For the L3550 you want Epson’s official driver, epson-inkjet-printer-escpr2. Grab the RPM from Epson’s download support page for your model (search “Epson L3550 Linux”), install it, then in CUPS or GNOME printer settings delete the current queue and re-add the printer, this time picking the L3550 specific PPD instead of IPP Everywhere.

That should fix the speed, the paper sizes, and the garbled output. The paper jam and chewing behavior sounds more mechanical than driver related though, worth checking the rollers and that the paper guides are snug.

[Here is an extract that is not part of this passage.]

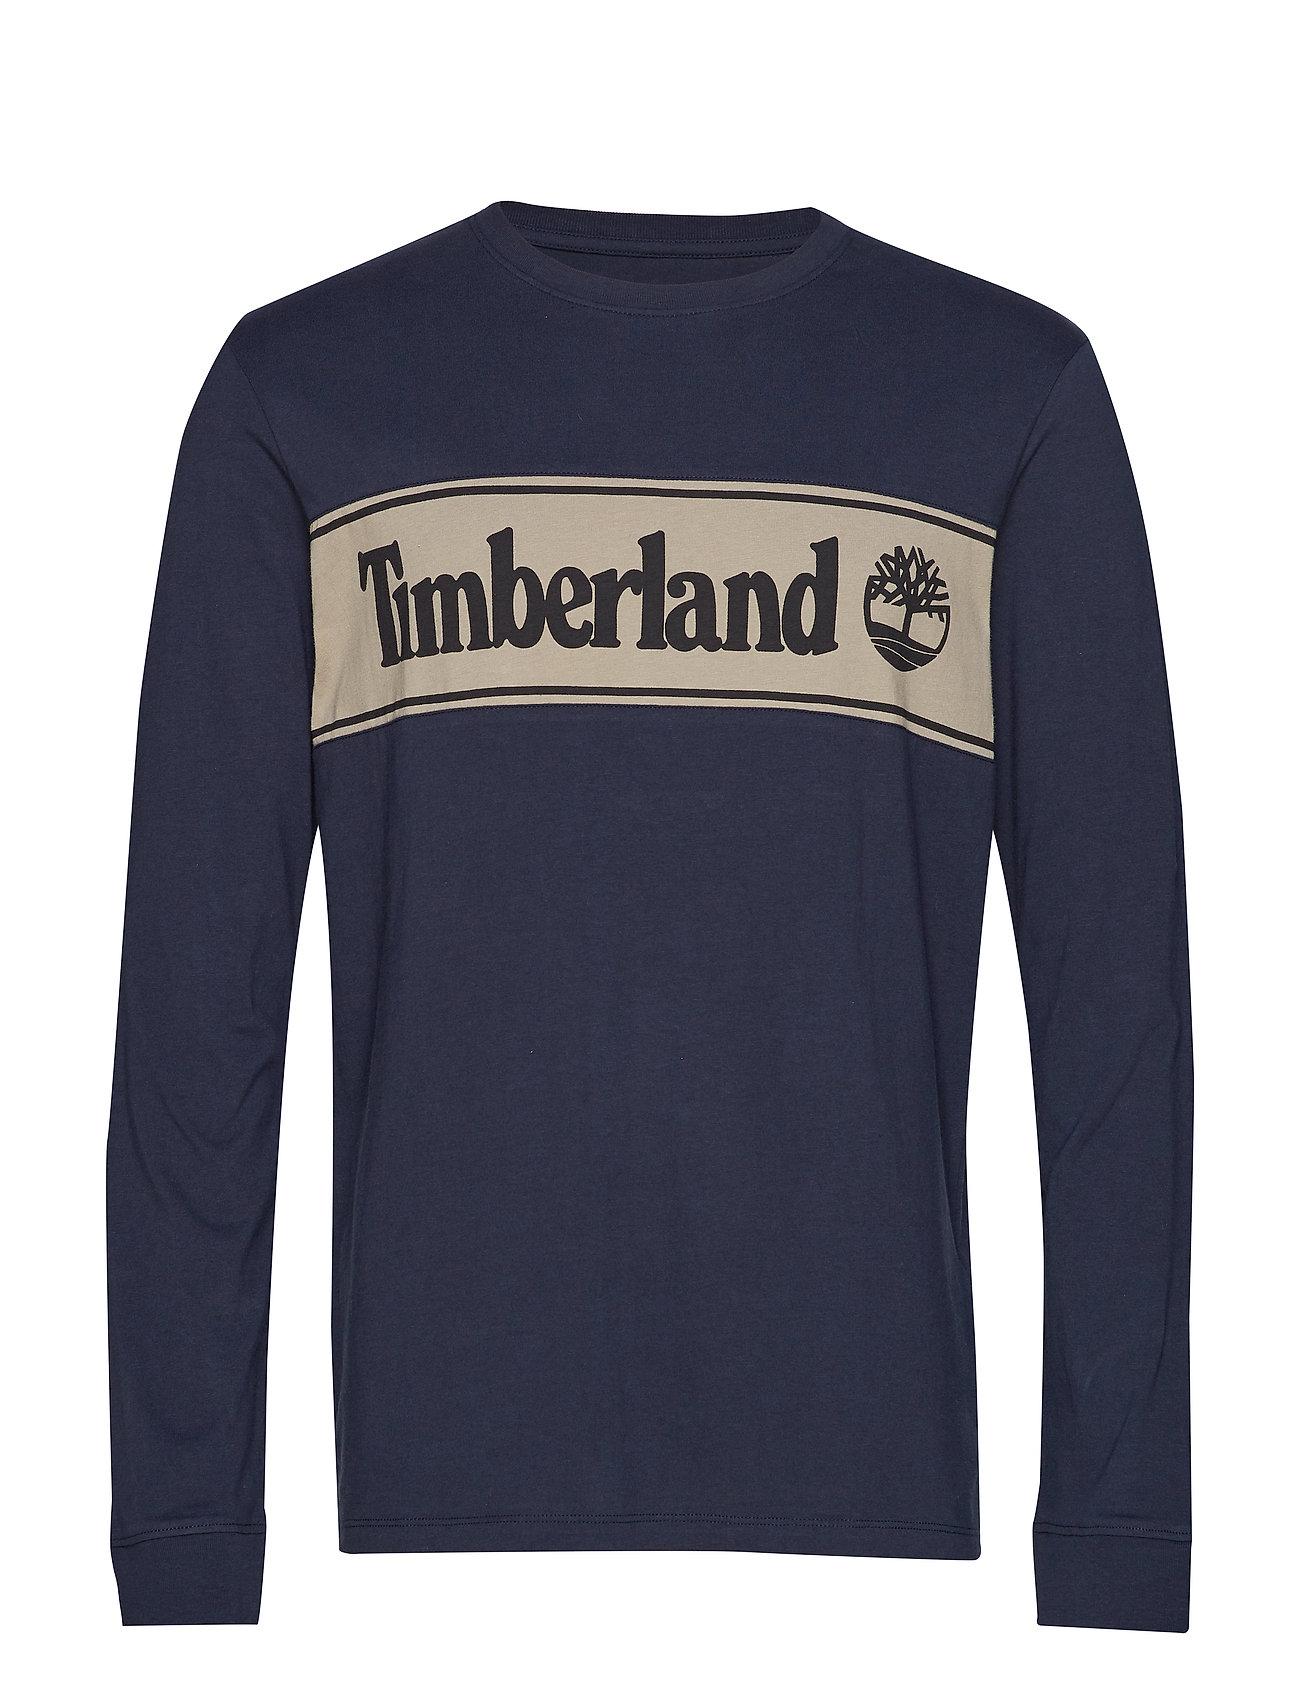 Timberland SS Cut & Sew Linear Logo Tee - DK SAPPHIRE/ELEPHANT SKIN

Also, read the notes section from Finding Linux Compatible Printers | LinuxBlog.io:

Epson Printers

Thanks to valuable feedback from readers, I’ve received advice indicating that certain newer models in the Epson ET series lack official Linux support from Epson. Consequently, I’ve chosen to exclude the Epson ET series from this page. This decision is not a declaration of their incompatibility but rather an acknowledgment of my lack of confidence in personally endorsing their compatibility.

Make sure to search here first or contact Epson about Linux support. Some users on the Linux Mint forums have solved their Epson ET compatibility issues. However, be aware that the Epson ET series does not seem to be plug-and-play compatible with Linux and may require extra research and work to get things set up.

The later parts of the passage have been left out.